- [Action item]
Reproduce, word for word, the lines in the material below starting with the one that has "Praktyczne porady –" and going on through the one that has "Quand le pharaon". Leave out all pictures.
━━ Given entries ━━
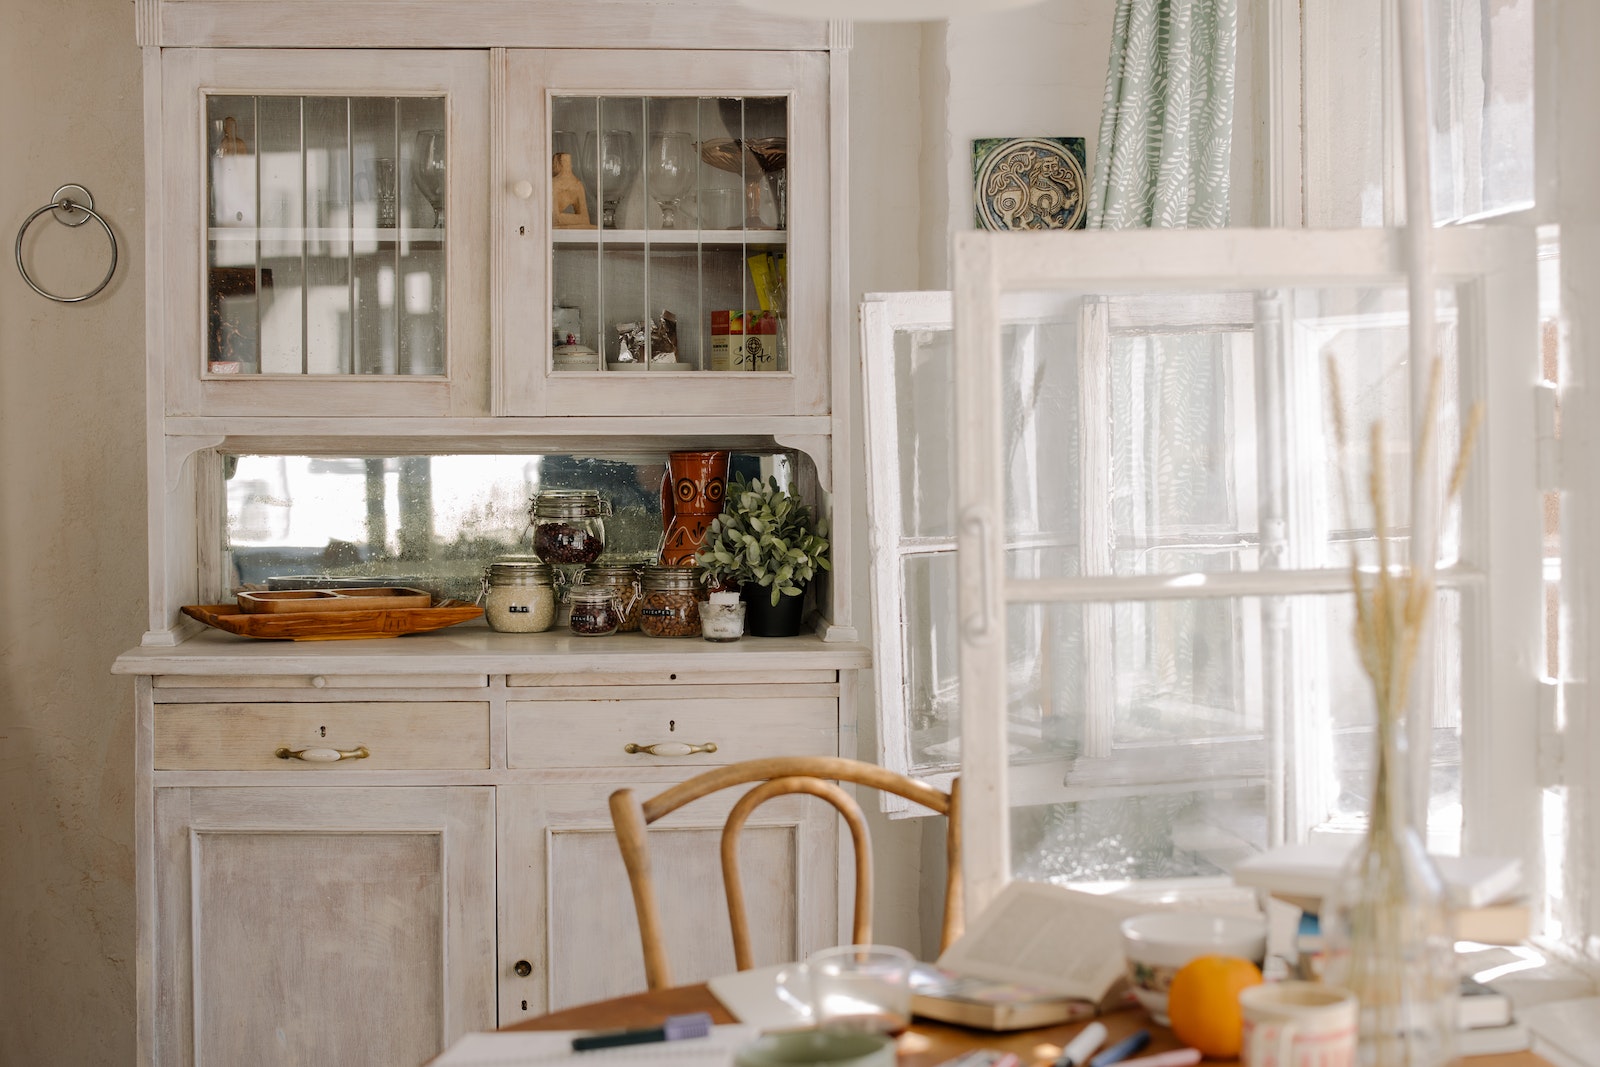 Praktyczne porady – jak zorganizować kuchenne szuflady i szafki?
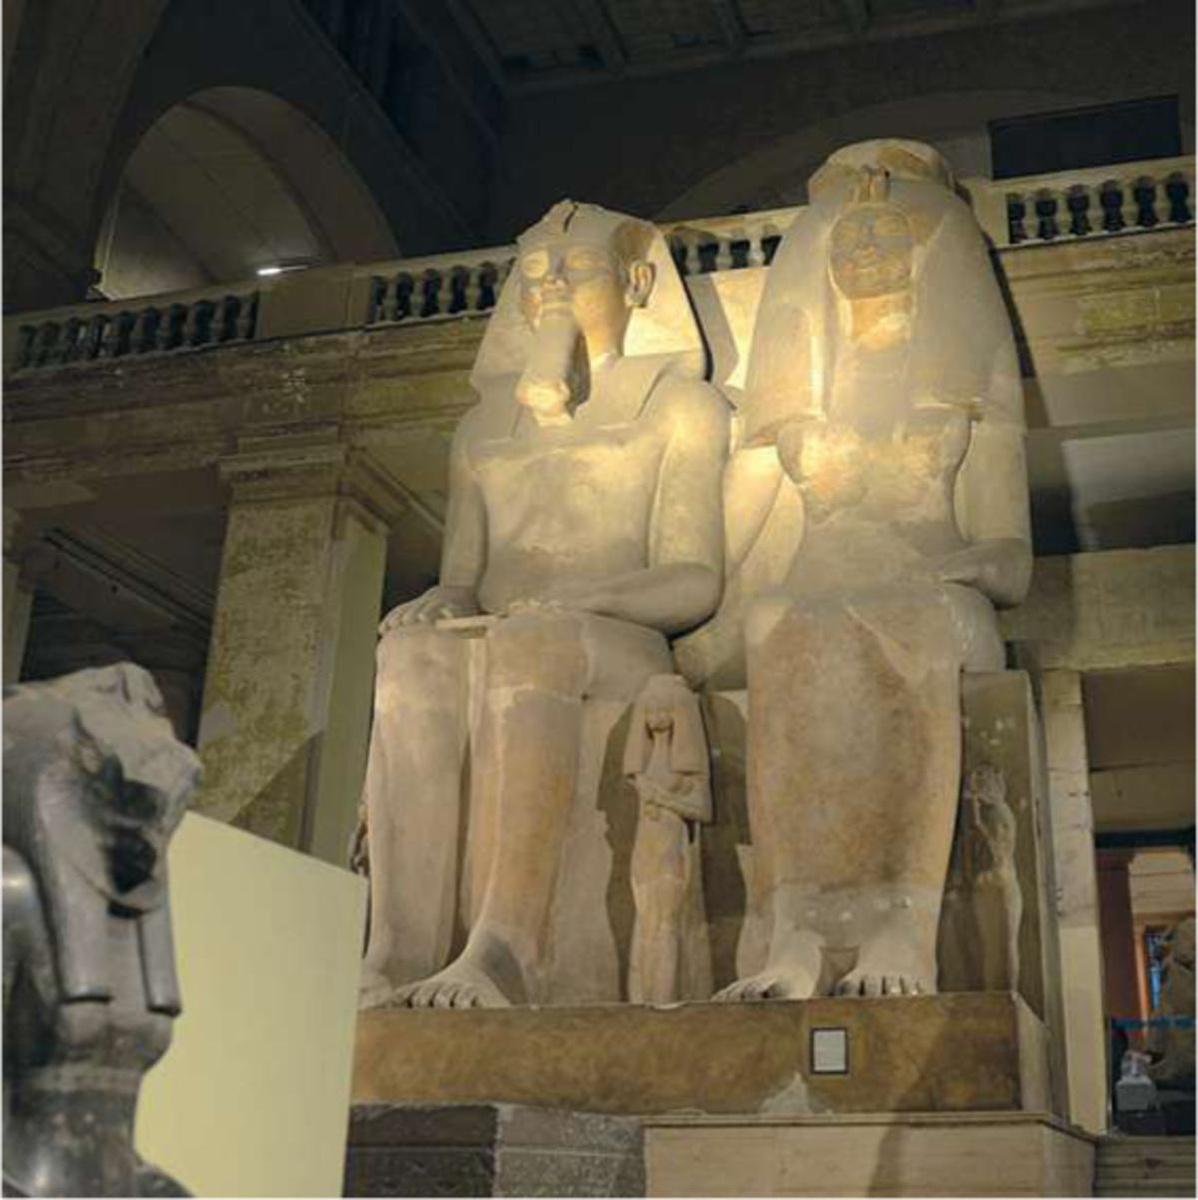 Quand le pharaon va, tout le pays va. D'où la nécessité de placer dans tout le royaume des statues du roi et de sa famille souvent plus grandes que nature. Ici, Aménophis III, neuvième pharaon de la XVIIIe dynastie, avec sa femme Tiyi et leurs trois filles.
━━━
━━ Given entries ━━
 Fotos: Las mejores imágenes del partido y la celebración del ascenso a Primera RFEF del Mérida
━━━
- [Result of the task]
 Praktyczne porady – jak zorganizować kuchenne szuflady i szafki?
 Quand le pharaon va, tout le pays va. D'où la nécessité de placer dans tout le royaume des statues du roi et de sa famille souvent plus grandes que nature. Ici, Aménophis III, neuvième pharaon de la XVIIIe dynastie, avec sa femme Tiyi et leurs trois filles.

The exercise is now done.